Membersihkan setelah buang air besar dan membersihkan setelah buang air kecil melalui istinja’ memastikan bahwa area yang terkontaminasi najis telah bersih, sehingga seseorang siap untuk melanjutkan ke langkah bersuci berikutnya seperti wudu atau mandi. Praktik ini menunjukkan betapa Islam menekankan pentingnya kebersihan lahir dan batin bagi umatnya.

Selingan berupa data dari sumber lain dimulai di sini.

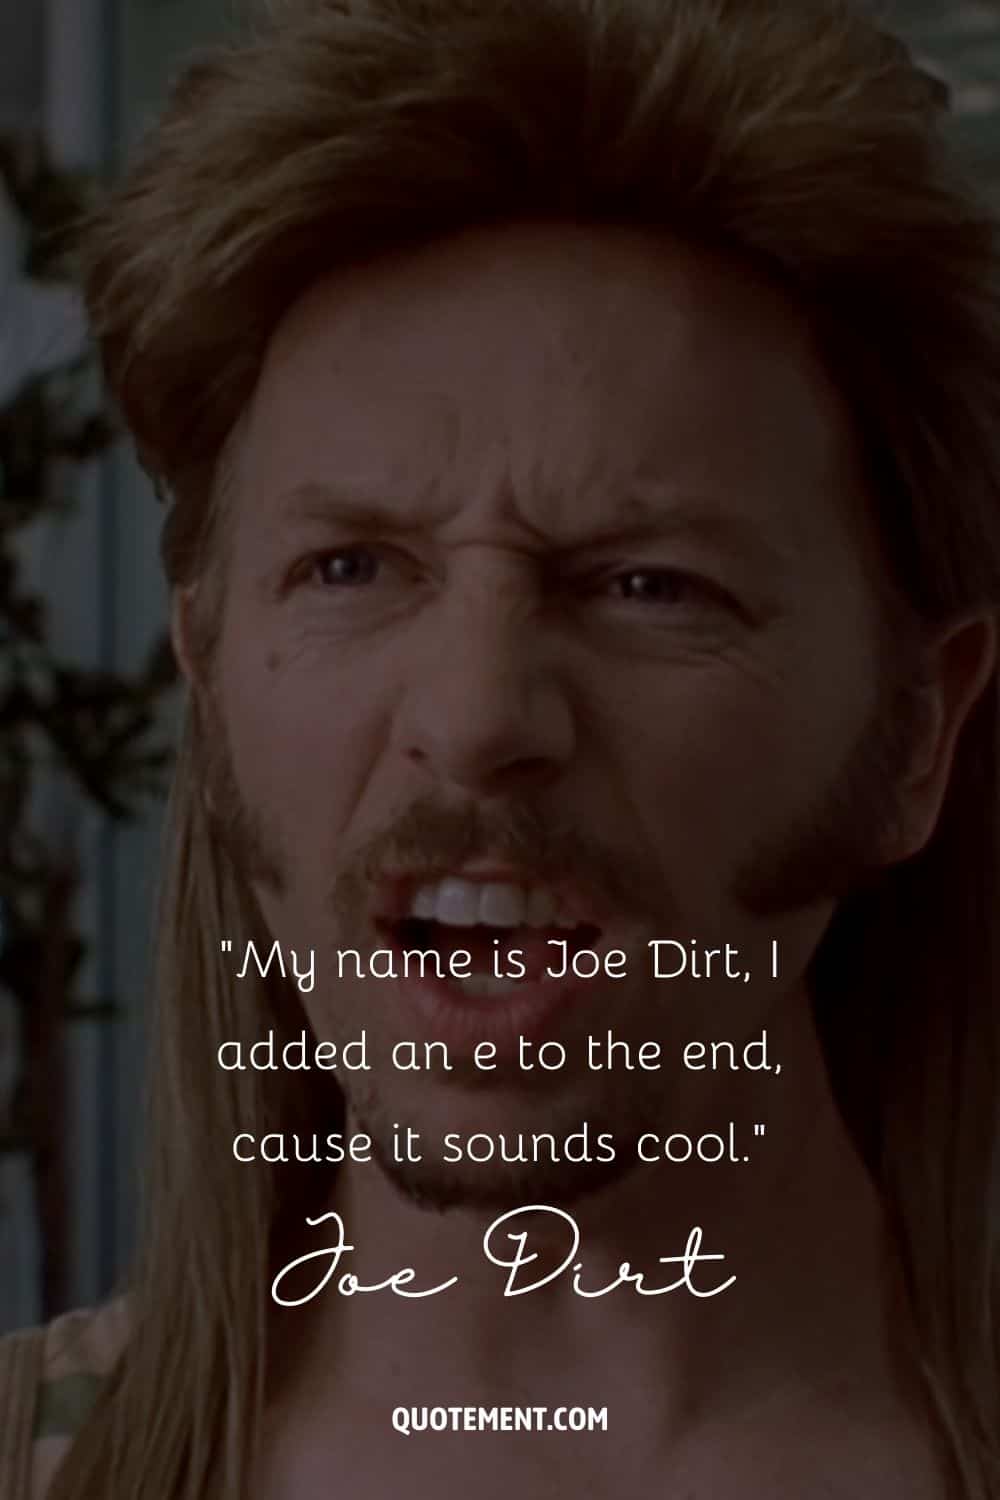 David Spade's iconic mullet-wearing character.

Memahami Istinja menurut fiqih membantu kita mengetahui tata cara yang benar dan apa saja yang bisa digunakan untuk beristinja’, seperti air atau benda kesat yang suci. Ini memastikan bahwa upaya kita dalam membersihkan organ intim benar-benar sah menurut syariat.

Dengan demikian, Istinja adalah fondasi penting dalam menjaga kesucian diri, memungkinkan kita untuk beribadah kepada Allah subhanahu wa ta’ala dalam keadaan terbaik. Melaksanakan istinja’ bukan hanya kebiasaan, melainkan kewajiban yang membawa banyak kebaikan bagi diri sendiri dan juga kebersihan lingkungan.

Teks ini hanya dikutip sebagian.